Netflix have cancelled production on Adam McKay's Average Height, Average Build, a movie that was set to star Robert Downey Jr. and Robert Pattinson.
McKay made his name through comedies like Anchorman and Step Brothers, but over the last decade, he has become an awards darling through movies like The Big Short, Vice and Don't Look Up.
His last project, Don't Look Up, was a scathing satirical comedy focused on the public's ambivalence toward a meteor hurtling to earth. It was a pointed metaphor for the real-life climate change crisis which continues to be ignored by certain politicians.
McKay's next movie was set to be a comedy-drama that would focus on a serial killer who attempts to get into politics in order to make the law more "murder friendly".
However, Deadline have reported that the director has left the project to focus on another movie about climate change.
Netflix are not willing to move ahead with McKay's involvement, so for now the project is dead.
Speaking at the Tribeca Film Festival last year, he said his next movie would be about "dirty money".
“If the last movie was about the outcome of what’s broken about us, that we’re staring at the collapse of the liveable climate, this one is more about the actual arterial blocks in our hearts, what’s causing it, which is, of course, big, dirty money.

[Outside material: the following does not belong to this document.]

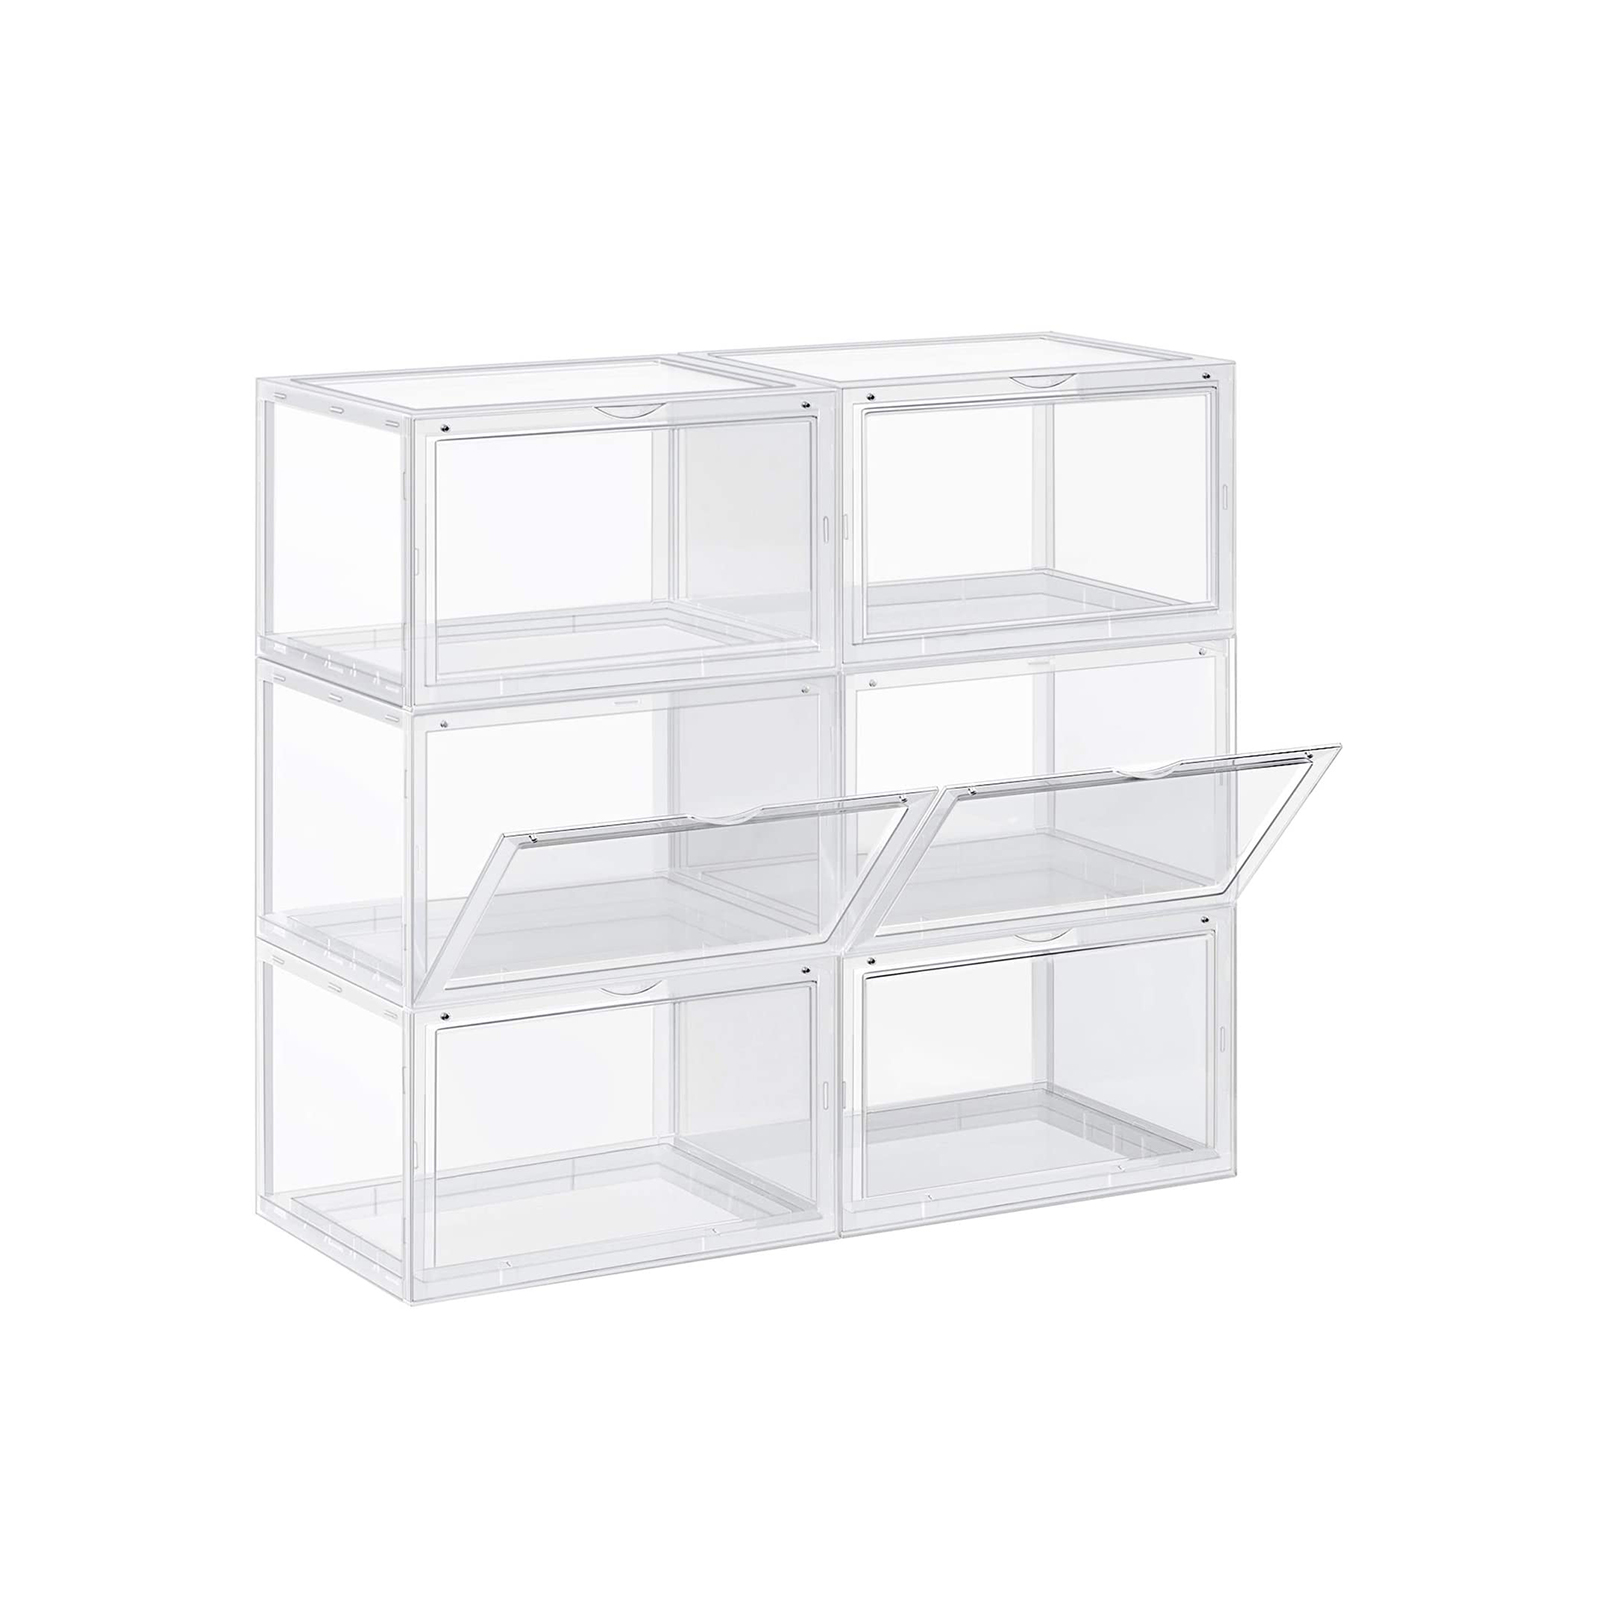 Versatile Storage Container for Shoes and Crafts SONGMICS Shoe Boxes with Lids Transparent LSP11WT Sizes Up to UK 7.5 Set of 8 Stackable Clear Shoe Organiser

"And it’s a comedy as well … blended with drama, but I would overall call it a comedy.”
Serious subject matter for McKay
Plots around McKay's recent movies have surrounded the banking collapse in 2008, vice president Dick Cheney's influence over the Iraq War, and climate change.
He says it is important to retain one's sense of humour when dealing with serious subjects.
“I don’t think that has to be separate from being serious and emotional and profound," the director explained.
"I think you can laugh about something while still recognising that it is serious.”